BludgerTrack: 52.6-47.4 to Labor

The latest weekly poll aggregate points to a continuing deflation of the post-budget Labor poll blowout, and reallocates a chunk of the Labor swing from New South Wales to Victoria.

Two new poll results this week from Nielsen and Essential Research have contributed to a continuation of the moderating trend of Labor’s post-budget poll lead, which sees the two-party preferred result in BludgerTrack come in at 52.6-47.4, down from 53.5-46.5 last week. The peak reading of 55.0-45.0 was recorded four weeks ago, a fortnight after the May 13 budget. The Coalition also has the lead on the primary vote for the first time in six weeks. Labor retains a reasonably comfortable majority on the seat projection, although the numbers once again illustrate how difficult the model considers the electoral terrain to be for Labor, as the present projection of 79 seats is four fewer than Labor managed with an almost identical two-party preferred vote when Kevin Rudd led it to victory in 2007.

There were some striking results in the state breakdowns in Nielsen this week, and BludgerTrack reflects this in having the swing in New South Wales moderate considerably, cutting their projected seat gain from 11 to seven, while in Victoria the gain is up from four to seven. Further shifts beneath the surface find Labor up a seat in Queensland, but down one in both Western Australia and South Australia. The Nielsen poll also furnishes us with a new set of leadership ratings, which after accounting for the model’s standardisation procedure are almost identical to last week’s results from Newspoll. The movements on last week are accordingly very minor.

Last week I offered a closer look at Palmer United’s polling trend, so this week I thought we’d home in on the Greens. After watching their vote fall from 11.8% at the 2010 election to 8.6% in 2013, polling has shown the party on a steady upward trend, with a short-lived spike occurring in April.
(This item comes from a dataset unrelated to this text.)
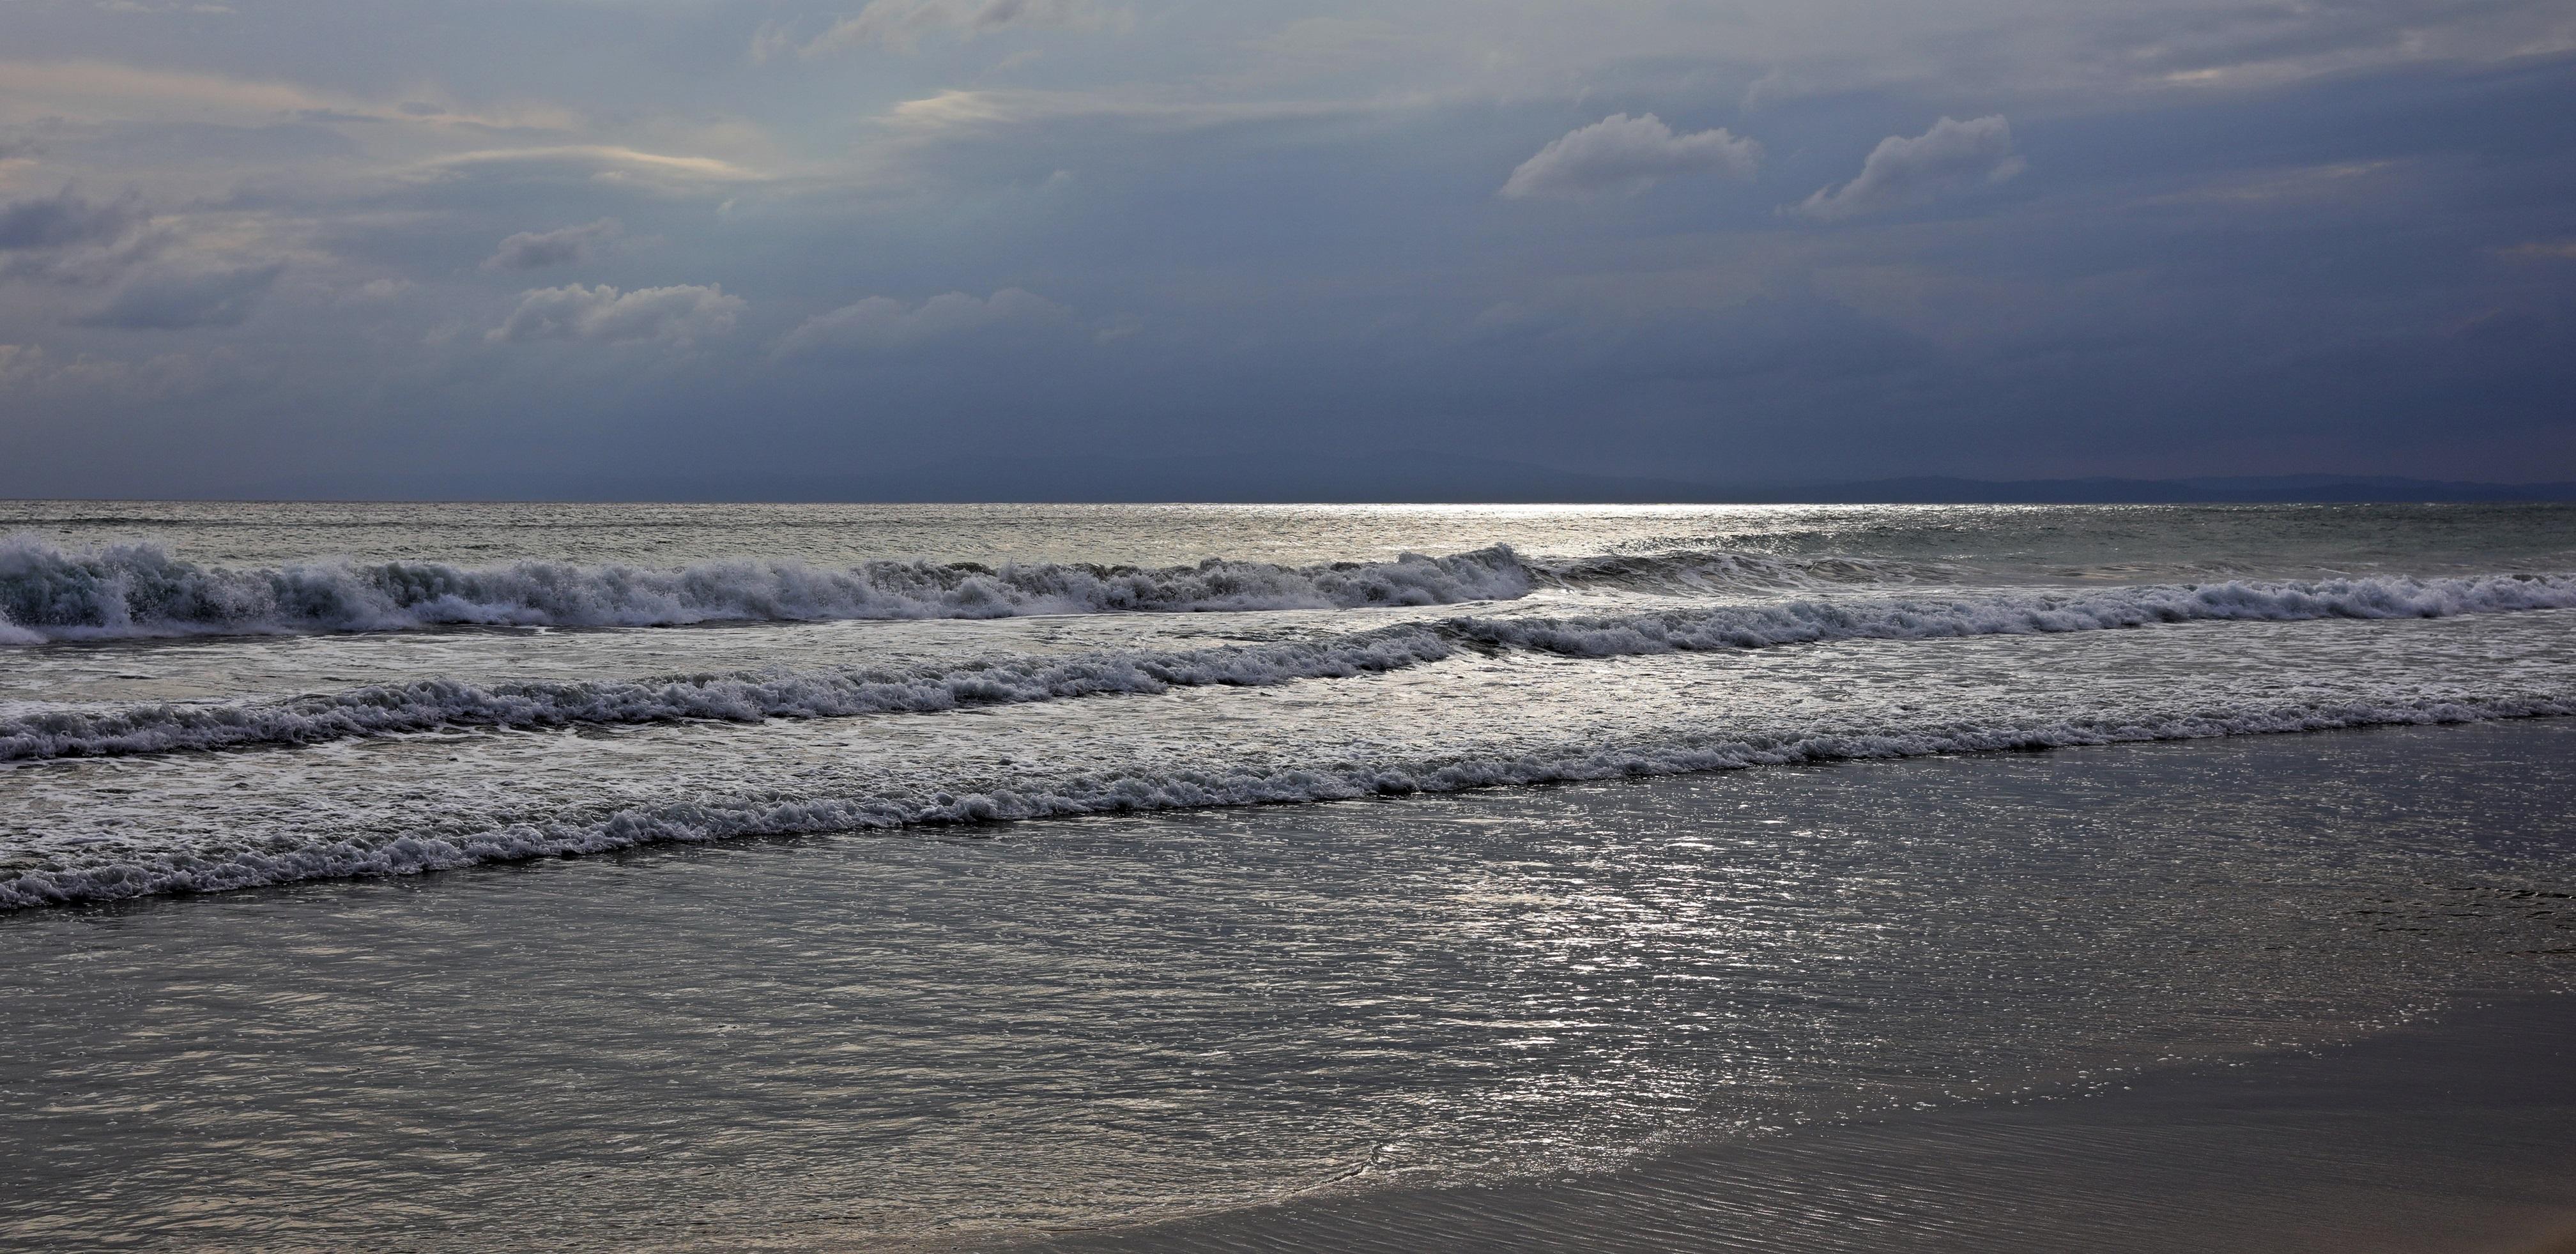 Storm coming in on Radhanaga Beach, Havelock Island

While this was partly driven by one outlier result from Nielsen, all of the other polling conducted at that time has them clustered around the high level of 12%. All of these results were conducted in the immediate aftermath of the Western Australian Senate election, at which the party’s vote was up from 9.5% to 15.6%. The party’s polling in Western Australia has remained strong, the present BludgerTrack reading of its primary vote being 15.8%. Coincidentally or otherwise, the downward trend that followed the WA election spike coincided exactly with the federal budget.

Author: William Bowe

William Bowe is a Perth-based election analyst and occasional teacher of political science. His blog, The Poll Bludger, has existed in one form or another since 2004, and is one of the most heavily trafficked websites on Australian politics.

1,028 comments on “BludgerTrack: 52.6-47.4 to Labor”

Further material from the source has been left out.